- Opening Delimiter -
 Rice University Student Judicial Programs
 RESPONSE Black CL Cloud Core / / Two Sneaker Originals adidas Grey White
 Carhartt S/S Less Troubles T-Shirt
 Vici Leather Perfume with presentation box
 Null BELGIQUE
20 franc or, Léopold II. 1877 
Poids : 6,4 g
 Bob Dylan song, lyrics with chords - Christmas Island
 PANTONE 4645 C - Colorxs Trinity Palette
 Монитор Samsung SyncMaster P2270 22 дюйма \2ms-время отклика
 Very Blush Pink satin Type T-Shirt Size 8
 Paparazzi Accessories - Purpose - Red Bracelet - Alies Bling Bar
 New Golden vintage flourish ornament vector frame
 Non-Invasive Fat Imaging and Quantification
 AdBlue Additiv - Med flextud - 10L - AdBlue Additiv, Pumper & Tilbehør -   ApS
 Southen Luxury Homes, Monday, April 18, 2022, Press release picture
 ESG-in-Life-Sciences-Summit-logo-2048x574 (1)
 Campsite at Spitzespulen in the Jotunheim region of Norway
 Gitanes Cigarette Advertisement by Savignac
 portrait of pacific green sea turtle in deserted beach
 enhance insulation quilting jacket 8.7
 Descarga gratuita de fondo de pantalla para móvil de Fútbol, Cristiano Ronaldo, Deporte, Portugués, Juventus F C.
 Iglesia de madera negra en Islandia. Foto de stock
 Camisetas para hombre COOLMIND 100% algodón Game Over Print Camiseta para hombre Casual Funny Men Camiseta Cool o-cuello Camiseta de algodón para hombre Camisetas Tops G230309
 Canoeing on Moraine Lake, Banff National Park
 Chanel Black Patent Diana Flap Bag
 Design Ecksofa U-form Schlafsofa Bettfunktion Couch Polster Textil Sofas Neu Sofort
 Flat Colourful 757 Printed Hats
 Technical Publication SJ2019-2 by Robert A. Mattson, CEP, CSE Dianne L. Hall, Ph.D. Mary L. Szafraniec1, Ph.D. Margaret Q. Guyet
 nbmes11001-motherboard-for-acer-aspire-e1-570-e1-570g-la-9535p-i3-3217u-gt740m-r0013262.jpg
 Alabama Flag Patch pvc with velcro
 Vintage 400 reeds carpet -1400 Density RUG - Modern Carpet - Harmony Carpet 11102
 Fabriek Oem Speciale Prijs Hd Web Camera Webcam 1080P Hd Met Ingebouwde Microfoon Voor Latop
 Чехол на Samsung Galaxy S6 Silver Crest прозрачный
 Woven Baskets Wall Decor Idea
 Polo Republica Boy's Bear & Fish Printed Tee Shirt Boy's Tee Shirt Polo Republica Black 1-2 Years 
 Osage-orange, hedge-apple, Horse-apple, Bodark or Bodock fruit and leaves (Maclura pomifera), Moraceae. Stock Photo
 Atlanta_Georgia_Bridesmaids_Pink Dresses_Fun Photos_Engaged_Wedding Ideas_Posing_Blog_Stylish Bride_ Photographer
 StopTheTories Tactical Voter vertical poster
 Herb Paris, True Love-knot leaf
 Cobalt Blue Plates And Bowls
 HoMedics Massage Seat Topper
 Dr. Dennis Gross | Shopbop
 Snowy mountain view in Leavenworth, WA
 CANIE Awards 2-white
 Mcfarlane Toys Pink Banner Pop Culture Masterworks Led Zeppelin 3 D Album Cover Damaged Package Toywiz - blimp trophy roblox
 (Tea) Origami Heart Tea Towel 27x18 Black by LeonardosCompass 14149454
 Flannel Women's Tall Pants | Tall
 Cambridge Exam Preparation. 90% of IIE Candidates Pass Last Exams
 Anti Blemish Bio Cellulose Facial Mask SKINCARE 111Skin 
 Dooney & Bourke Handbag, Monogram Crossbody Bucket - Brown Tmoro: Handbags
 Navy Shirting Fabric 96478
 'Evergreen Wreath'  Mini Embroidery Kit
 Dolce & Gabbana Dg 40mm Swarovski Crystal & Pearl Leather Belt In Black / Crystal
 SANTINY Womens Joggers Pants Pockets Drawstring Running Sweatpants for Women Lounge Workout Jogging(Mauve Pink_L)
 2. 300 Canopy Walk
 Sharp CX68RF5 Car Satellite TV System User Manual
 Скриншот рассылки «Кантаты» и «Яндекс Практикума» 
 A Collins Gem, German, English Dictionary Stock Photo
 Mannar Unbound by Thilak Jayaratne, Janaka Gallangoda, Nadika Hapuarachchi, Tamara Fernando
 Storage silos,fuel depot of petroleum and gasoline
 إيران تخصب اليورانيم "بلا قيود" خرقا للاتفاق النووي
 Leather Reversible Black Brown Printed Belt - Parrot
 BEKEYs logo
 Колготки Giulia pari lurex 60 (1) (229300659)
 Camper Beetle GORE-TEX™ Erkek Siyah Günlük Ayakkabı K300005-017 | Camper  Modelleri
- Closing Delimiter -
Out of the entries above, write out only the lines between the line holding "Osage-orange, hedge-apple, Horse-apple, Bodark" and the line holding "Dr. Dennis Gross | Shopbop", inclusive, each exactly as given.

**Task solution**
 Osage-orange, hedge-apple, Horse-apple, Bodark or Bodock fruit and leaves (Maclura pomifera), Moraceae. Stock Photo
 Atlanta_Georgia_Bridesmaids_Pink Dresses_Fun Photos_Engaged_Wedding Ideas_Posing_Blog_Stylish Bride_ Photographer
 StopTheTories Tactical Voter vertical poster
 Herb Paris, True Love-knot leaf
 Cobalt Blue Plates And Bowls
 HoMedics Massage Seat Topper
 Dr. Dennis Gross | Shopbop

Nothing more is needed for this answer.